Pavlov explained simultaneous agnosiaby saying the cells were "so weakened" that one excited point exerts an inhibitory effect on the other excited point, thus making it apparently nonexistent (Pavlov IP, Pavlov's Wednesday Clinics, vols 1-3, Izd. Akad. Nauk SSSR, Moscow and Leningrad, 1949 (Russian) as cited p. 123. Cites Pribham as saying defect is due to corticofugal projections to inferior temporal lobe.

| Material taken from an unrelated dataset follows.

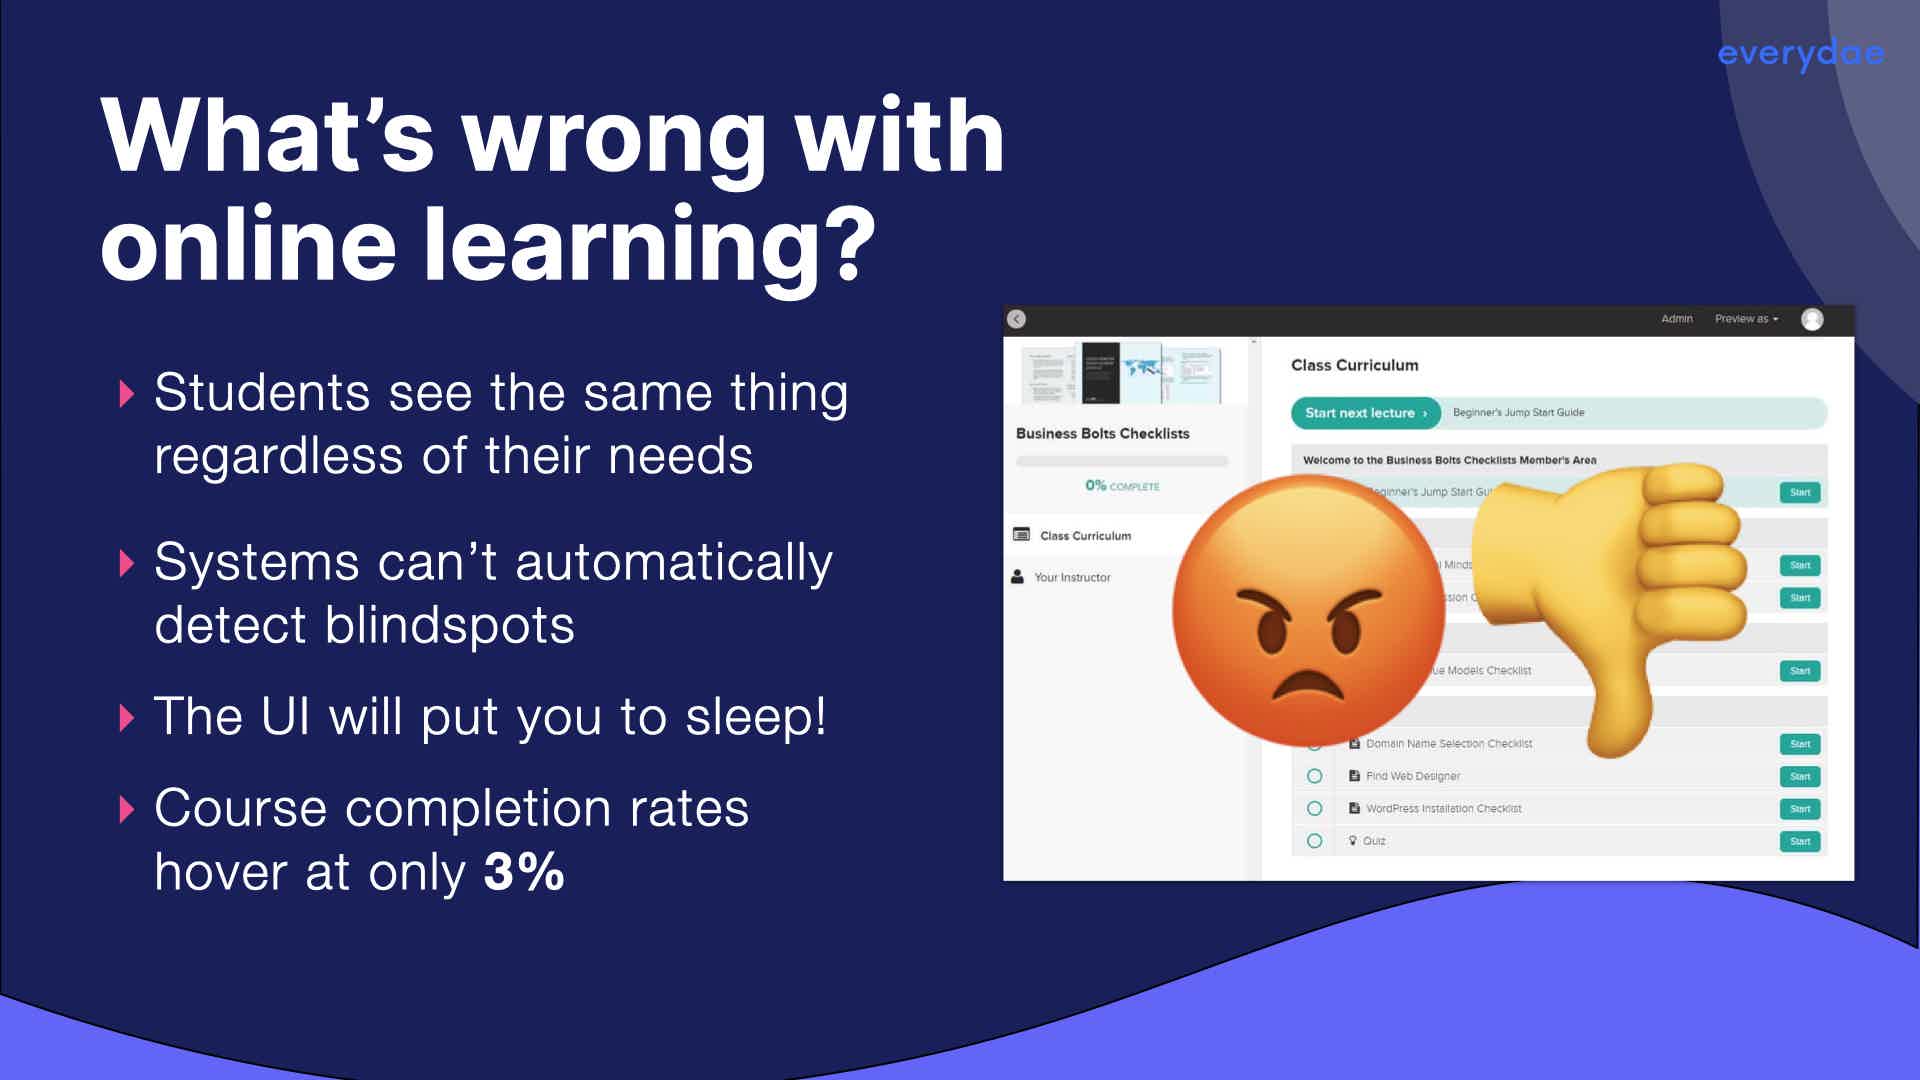 Slide showing why online learning is broken - students see the same thing regardless of their needs, systems can't automatically detect blindspots, the UI will put you to sleep, 3% course completion rates etc.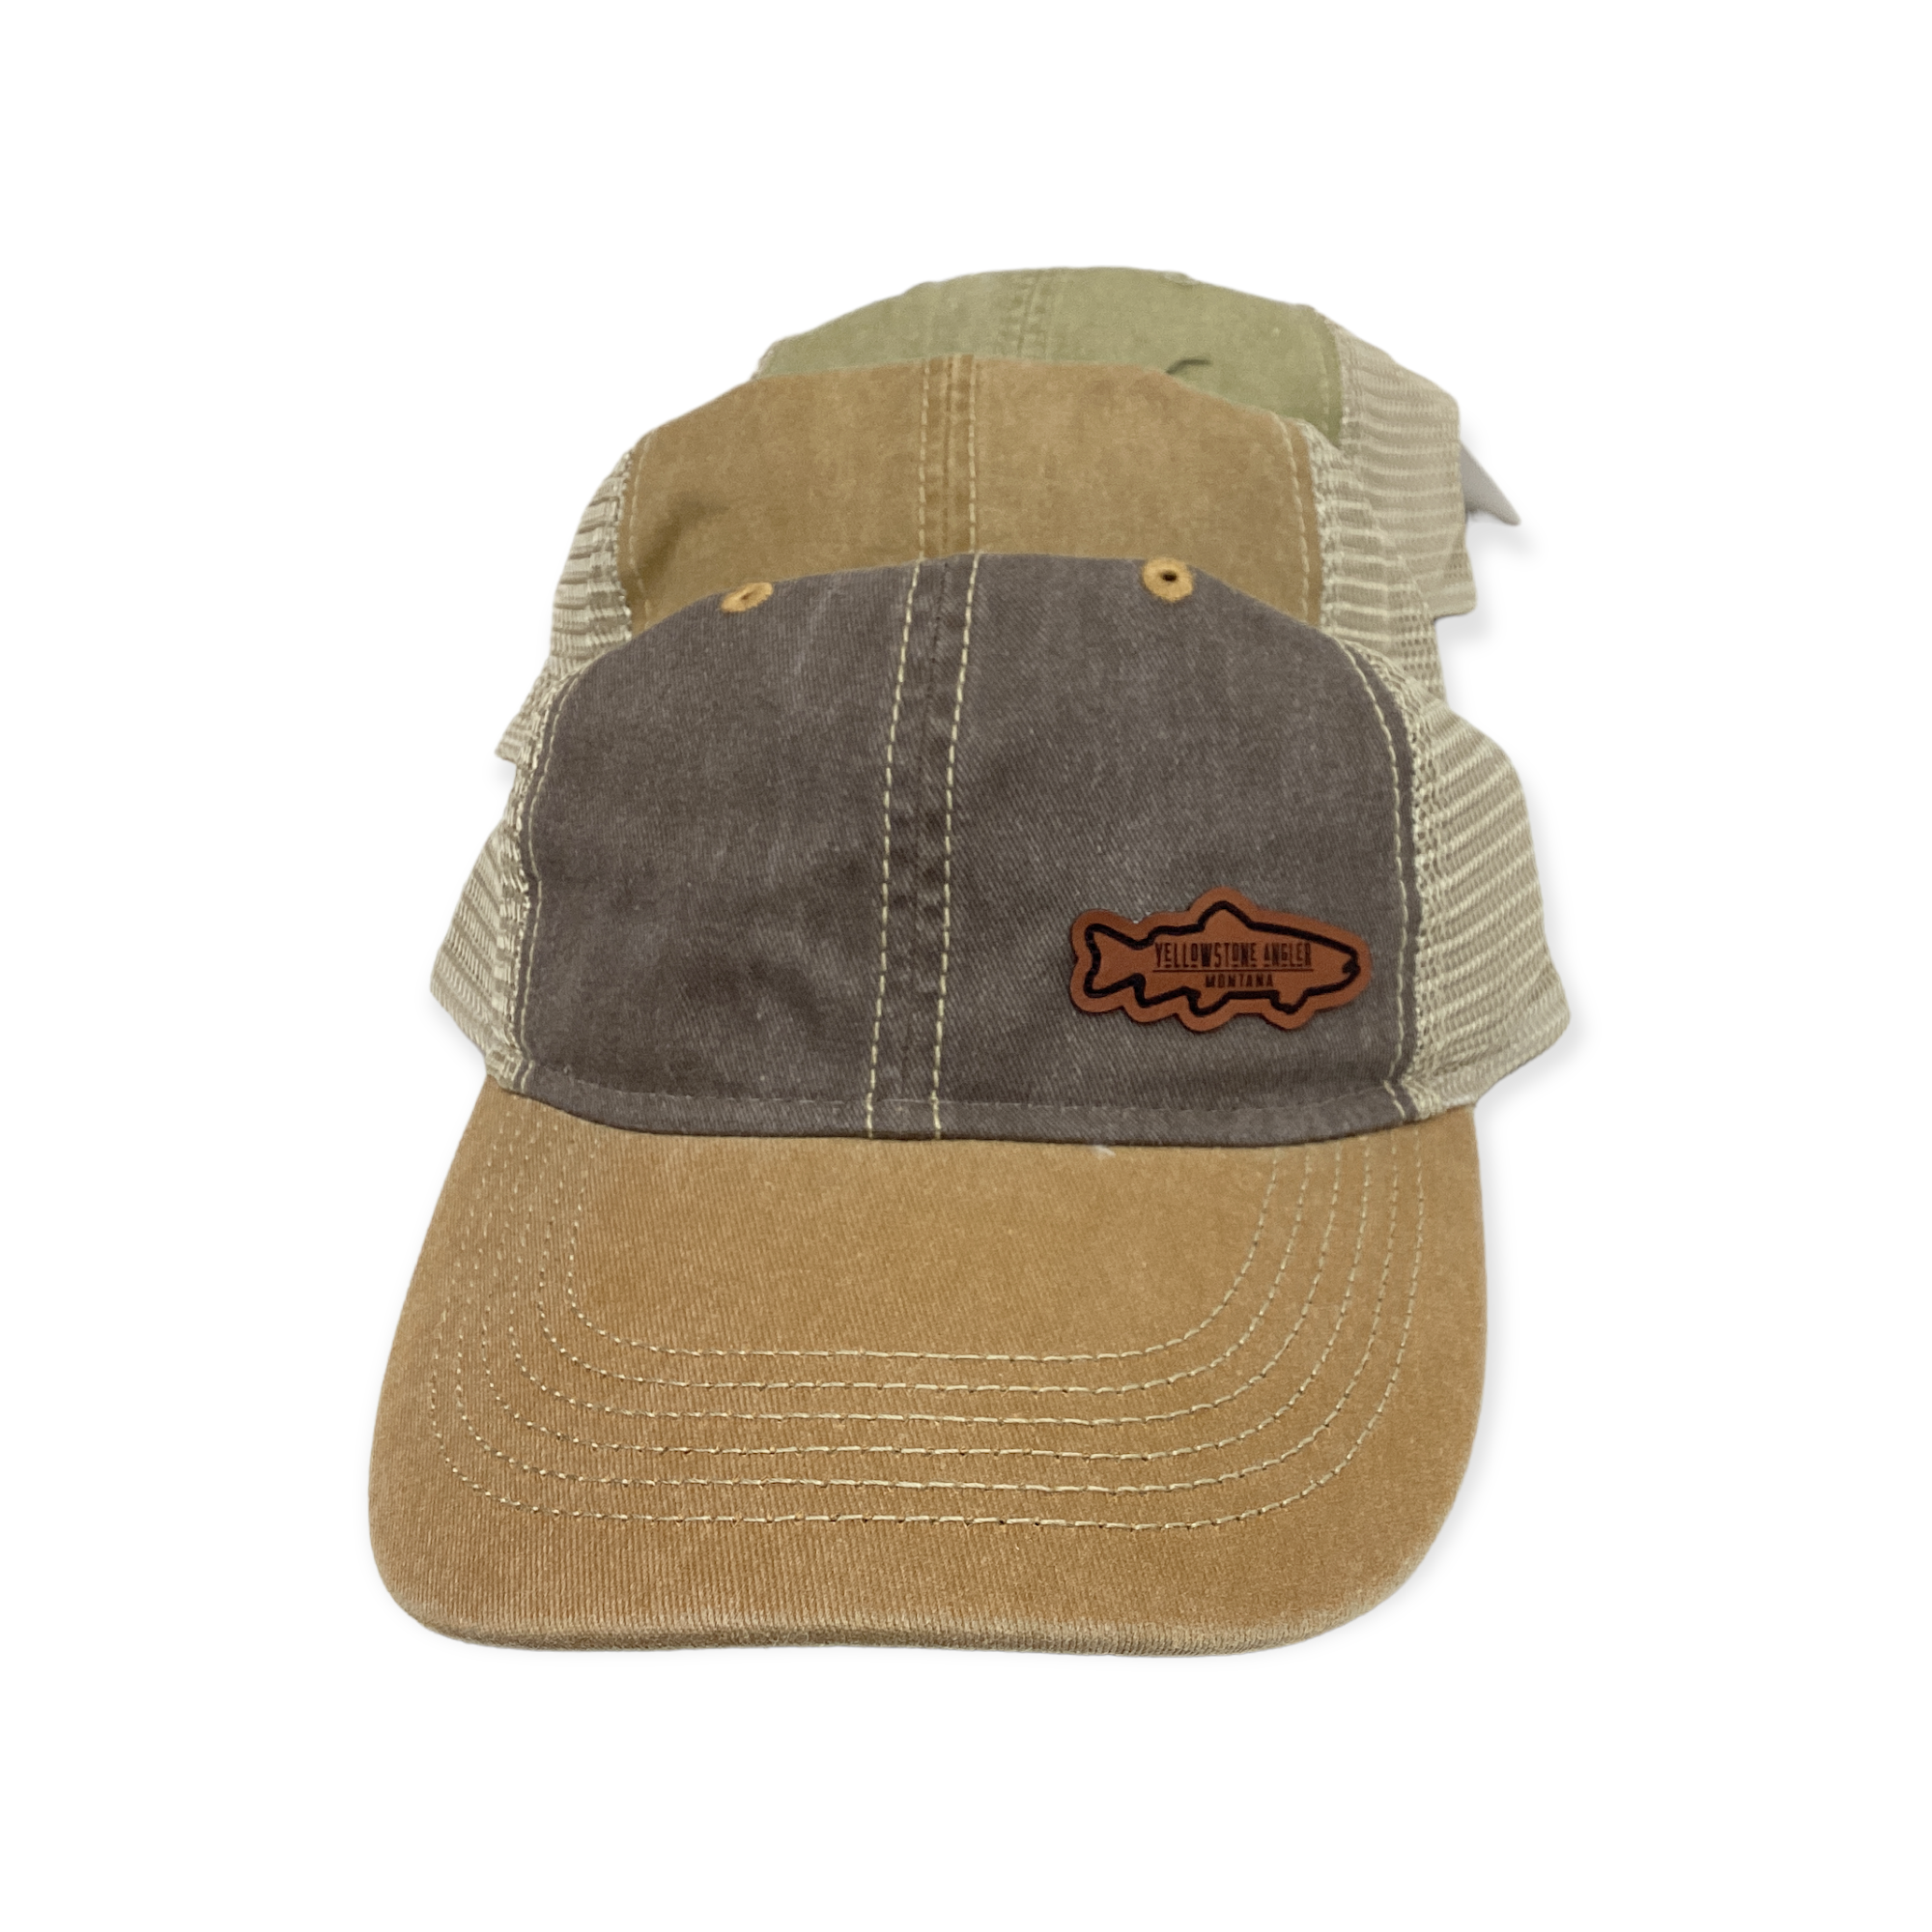 Yellowstone Angler Leather Trout Patch Trucker Hat

Luria then took a subject affected with a bullet wound, injected caffeine 0.05 ml of 1 % solution, , with the result that the patient could see two and sometimes three objects for 30-40 minutes (as long as the caffeine lasted) and the visual ataxia disappeared.
Examination of the patient:
cf p.117
Patients obscure pictures. May require tachistoscope to bring out changes with brief exposures if mild case. Defect involves not only perception but also drawing.
Tests-- cannot place a dot in the center of a circle or a cross/ cannot draw a triangle around a triangle.
The "secondary zones" of the left occipital cortex differ from the right insofar as they "retain their intimate connection with speech" unlike the right. Lesions of the left cause an agnosia for letters or reading (optic alexia). In right hemisphere agnosia for objects or faces is more common.